INDIA: BOMBAY HIGH COURT COMMUTES DEATH SENTENCE OF TWO CONVICTS IN NASHIK KIDNAPPING-MURDER CASE

28 June 2026 :

The Bombay High Court has commuted the death sentences of two men convicted in the 2013 kidnapping and murder of 22-year-old youth from Ozar area of Nashik district in Maharashtra, ETV reported on June 26, 2026.
Setting aside the capital punishment awarded by the Nashik Sessions Court, the High Court granted partial relief to Chetan Pagare and Aman Jat in the kidnapping and murder of Vipin Bafna. The court ruled that the case does not fall within the "rarest of rare" category and commuted their sentence to 30 years of imprisonment.

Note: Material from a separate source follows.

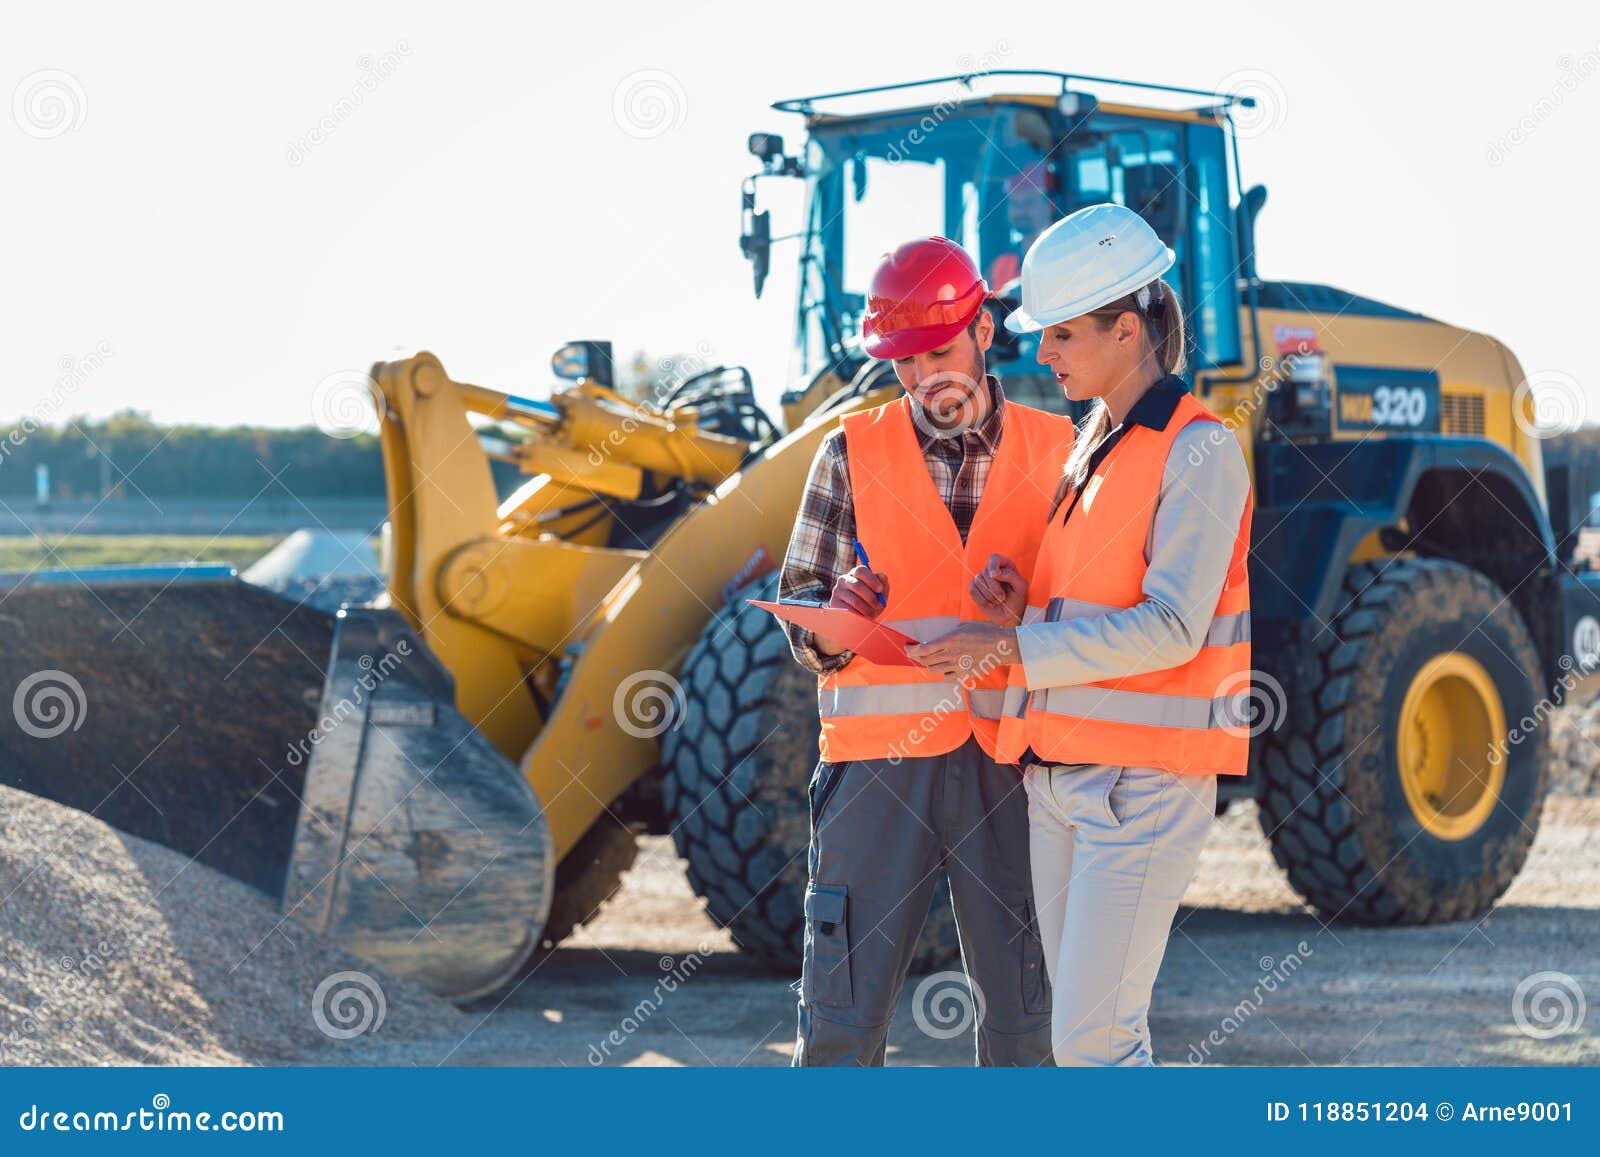 man and woman worker on construction site
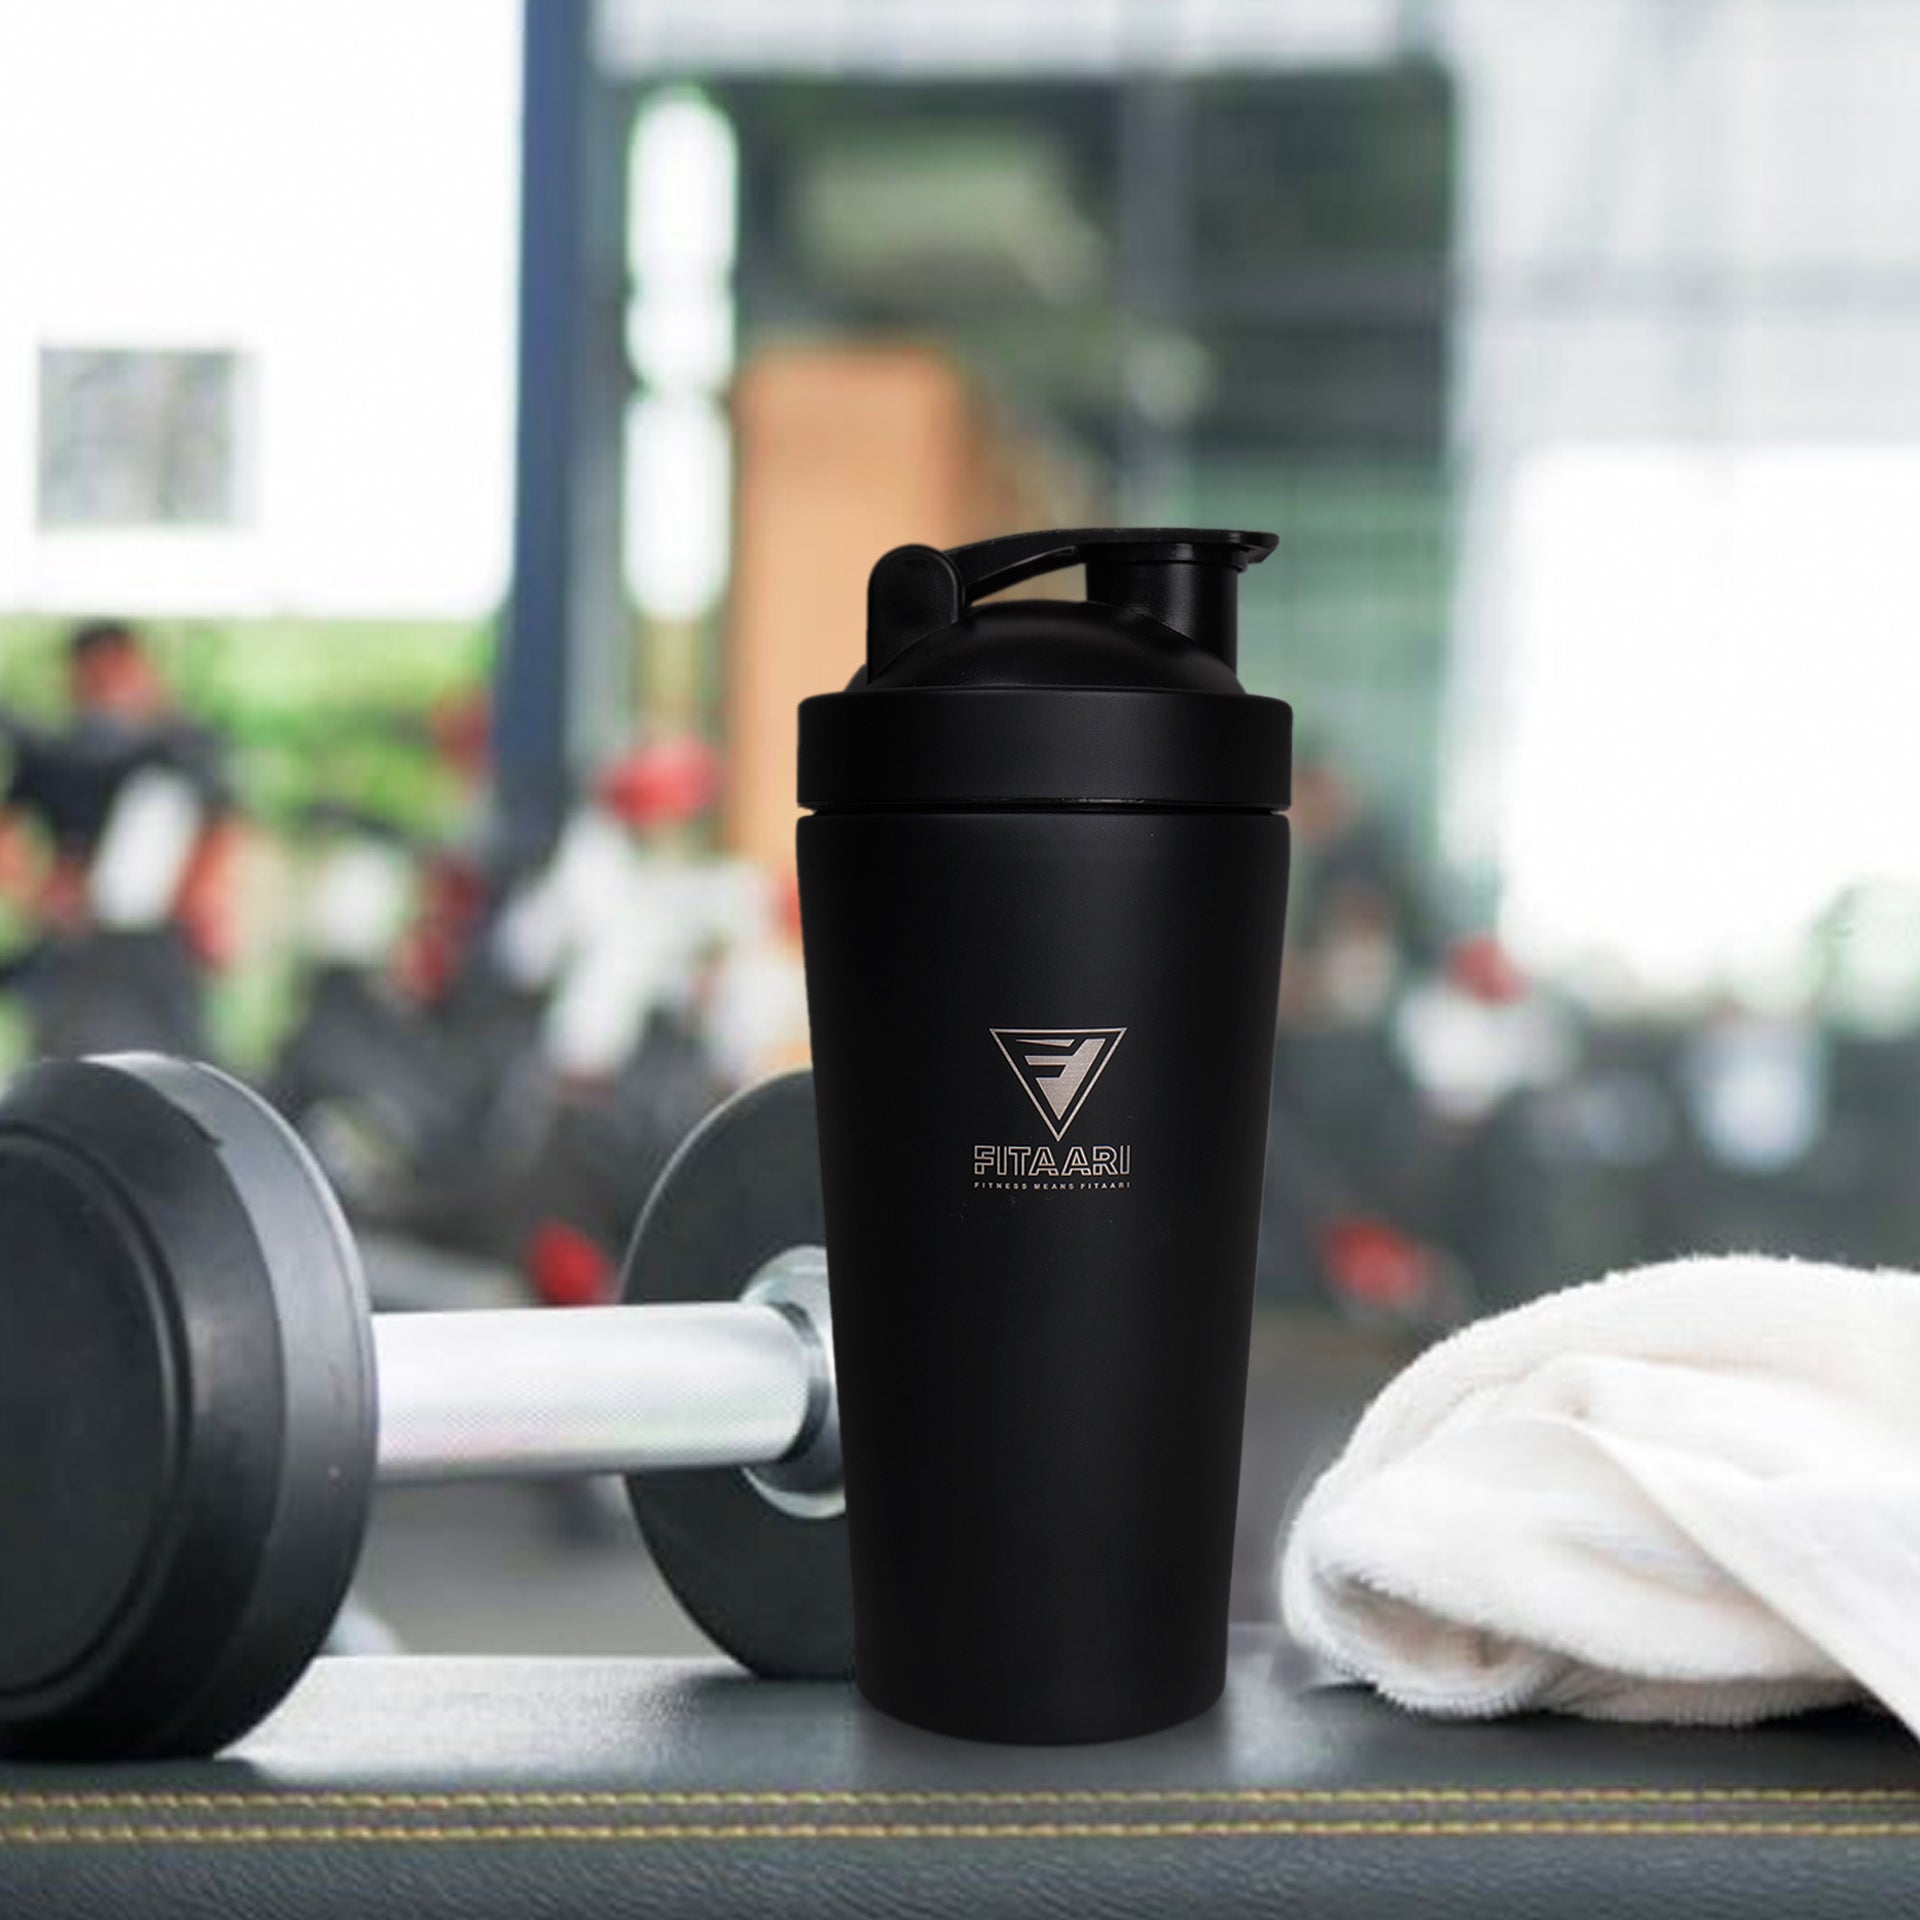 Beyond Basic Blending: Unleashing the Potential of Gym Shakers

The bench comprising Justice Bharati Dangre and Justice Manjusha Deshpande delivered the judgment while hearing the convicts' appeals against the death penalty and the Maharashtra government's plea seeking confirmation of the capital sentence. The court, however, upheld the conviction.
Bafna, a resident of Ozar in Niphad taluka, had left his home on June 8, 2013. He did not return home, and the next day his father received a ransom call from Vipin's cell phone, with the caller demanding ₹1 crore for his release. Subsequently, the family had no further contact with either Vipin or the accused.
On June 14, Vipin's body was recovered from a farm in the Adgaon area. Police subsequently arrested five persons and registered cases against them on charges of kidnapping, murder and under the Maharashtra Control of Organised Crime Act (MCOCA).
In December 2022, Special Judge Aditi Kadam of the Nashik Sessions Court convicted Pagare and Jat and sentenced them to death while acquitting three co-accused due to insufficient evidence.
The special sessions court noted that the deceased had no personal enmity with the accused and observed that the murder was committed without any concrete motive. The court described the crime as displaying a depraved mindset and classified the offence as one of the "rarest of rare" cases, citing the brutality of the act, the absence of remorse, and limited prospects for the convicts' rehabilitation.